À ces mots je me jetai de nouveau à son cou, nous déséquilibrant. Nous nous retrouvâmes en un instant sur le sol, en train de nous embrasser. Nous étions alors loin de nous douter que ses mots avaient plus de sens que ce qu’il ne pensait en me les disant.
Nous Marchions dans la rue de nuit, mains dans la main, et moi pendu à son bras la tête contre son épaule.

- Tu es sur que tu ne t’ais pas fait mal ? lui demandais-je

Lorsque nous étions tombé, il avait pris tout le choc, mais m’avait certifié qu’il n’avait rien de grave.

- Sur et certain, cesse de t’inquiéter …

Comment ne pas m’inquiéter ? L’eau pouvait-elle ne pas mouiller ? Et le feu pouvait-il ne pas brûler ? Je lui embrassais tendrement l’épaule ne pouvant atteindre ses lèvres toute seule.

- Quel genre de place tu occupe dans le cercle ?

La question fut certes soudaine mais me brûlait les lèvres depuis un bon bout de temps.

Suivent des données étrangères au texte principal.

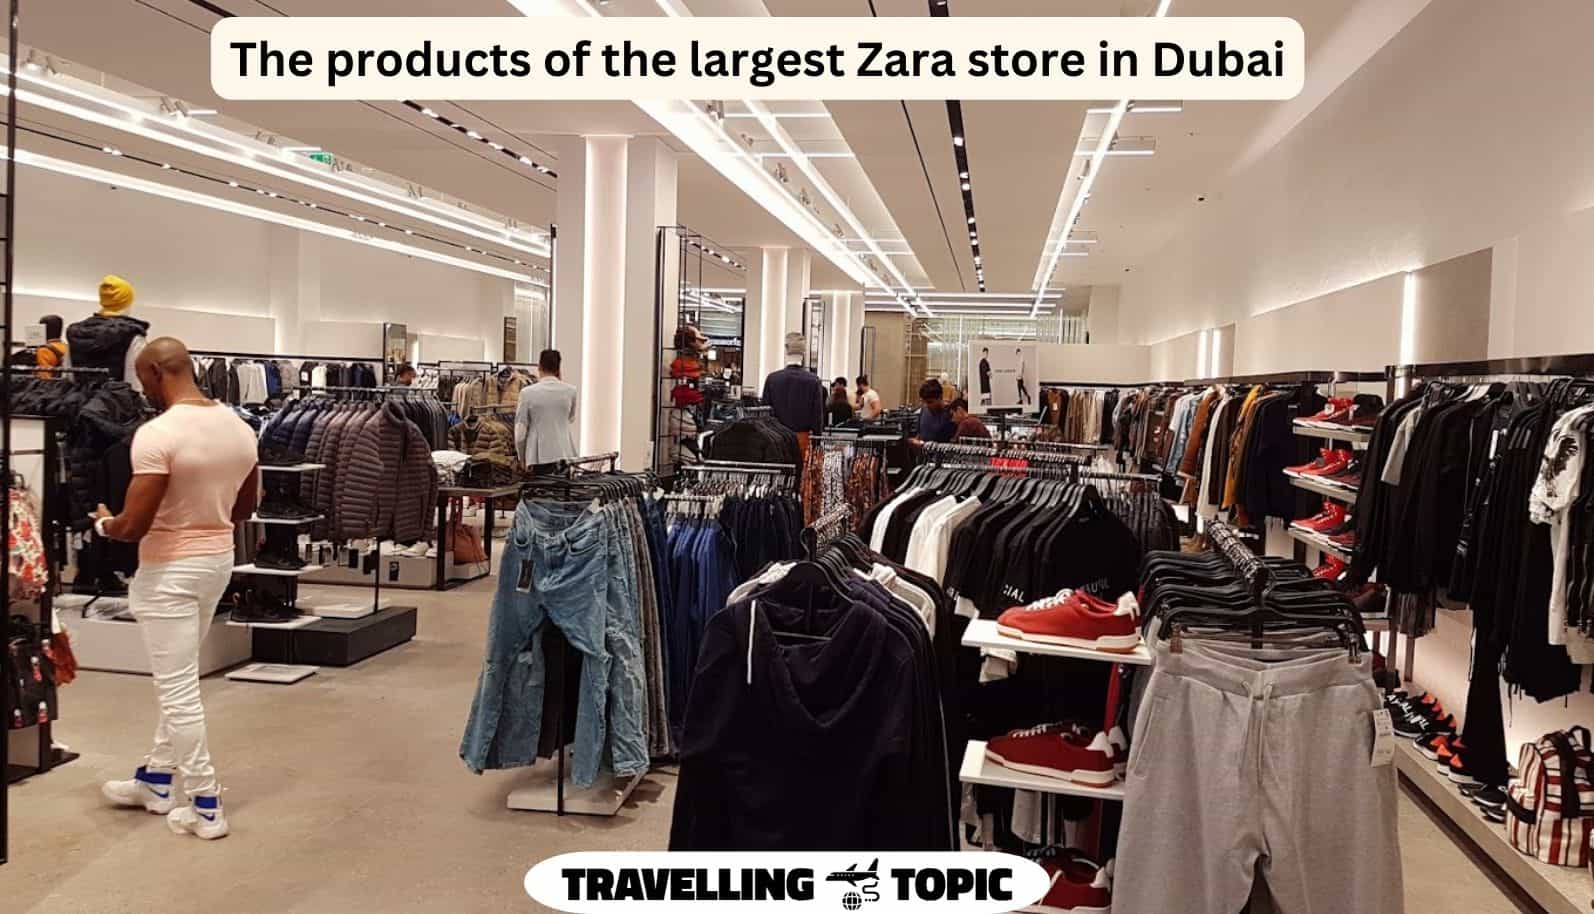 The products of the largest Zara store in Dubai
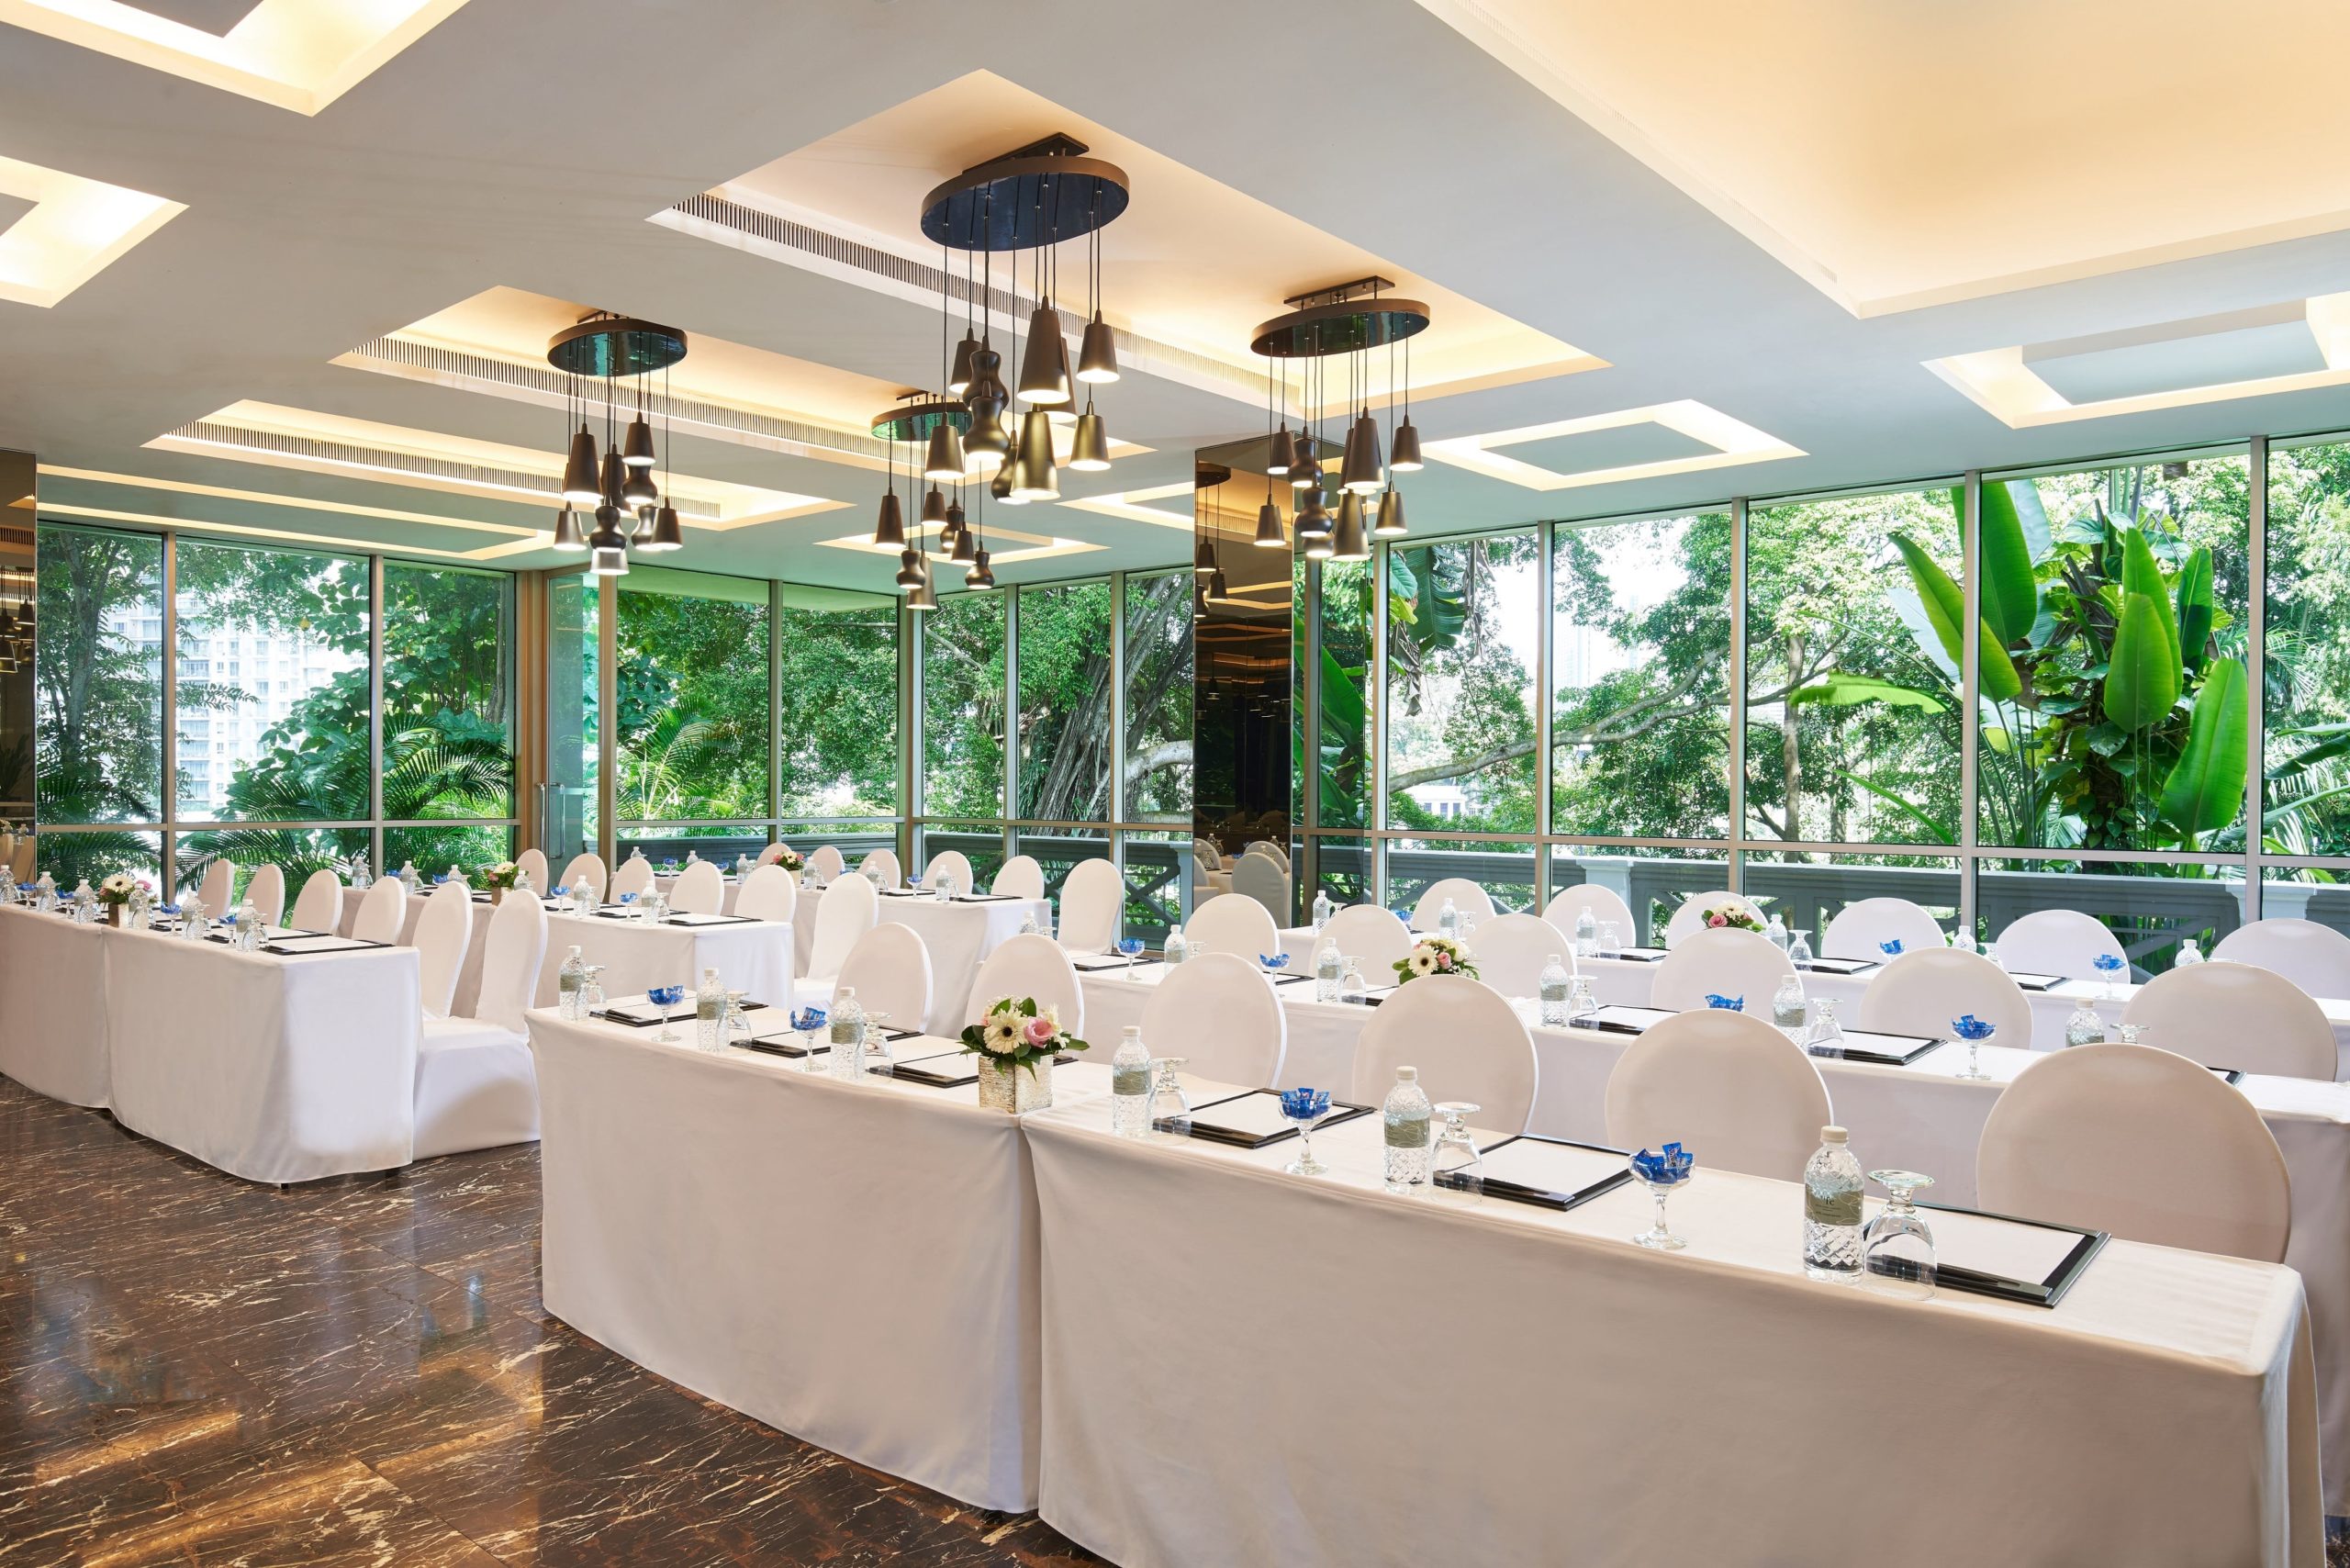 Top Wedding Venues In Singapore For Any Size Event Venues Spaces In Singapore We Are Spaces Event Venues Spaces In Singapore We Are Spaces

- Quel fonction tu me donnerais ? me demanda-t-il
- Assassin ? proposais-je.
- Trop bas.
- Parrain.
- Trop haut.
- Garde du corps.
- Trop vulgaire.
- Champion ! lançais-je, c’est ce que j’avais entendu lors de son affrontement.
- C’est honorifique.
- Et alors ?
- Alors ce n’est pas un rang.
- Mais tu l’es quand même.
- Mais ce n’est pas mon rang
- Alors je sèche …

Il me regarda en souriant de nouveau.

- Tu ne me croiras jamais. Lança-t-il
- Au point où j’en suis … repris-je
- C’est trop gros …
- Dis toujours …
- Tu n’y croiras pas …
- Allez ! Dis !
- Bras droit.
- Je te crois pas …
- Qu’est-ce que je disais !
- Non mais sérieusement ?
- Je suis sérieux !
- Bras droit, carrément …
- Carrément …

Il me dévisagea de nouveau avec un grand sourire. N’y tenant plus, je me hissais sur la pointe des pieds, passant les bras autours de son cou. Comprenant vite mes intentions, il m’enlaça tendrement, baissa la tête, et plaqua ses lèvres contre les miennes. Comme la dernière fois, la sensation de glace, à peine gelée puis à immédiatement, fondu sous les flammes, me prise au corps. Je me fichais bien qu’il soit assassin, ou garde du corps, pirate ou bras droit, mafieux ou meurtrier. Non tout ça n’avait pas d’importance, car je l’aimais. Je l’aimais plus que je n’avais jamais aimée, devant ce que je ressentais pour lui, mes sentiments envers mon père et Sélaphina semblait complètement inexistant. Je faisais appelle à toute ma volonté pour briser le lien qui unissait nos lèvres, et pour le lui dire :

- Je t’aime !

Ces mots raisonnaient comme une évidence, comme une alarme qu’on sonnerait pour prévenir que l’incendie à déjà tout ravagé. Comment pouvait-il en être autrement ? Pourtant malgré cette évidence, j’avais besoin de le lui dire, besoin de le lui faire savoir. Il ouvrit alors la bouche à son tour, mais n’eu pas le temps d’en faire sortir le moindre mot. Un bruit mécanique fusa dans l’ombre et nous fit regarder dans la même direction. Un son tout autant mécanique, mais articulant des mots brisa de nouveau le silence.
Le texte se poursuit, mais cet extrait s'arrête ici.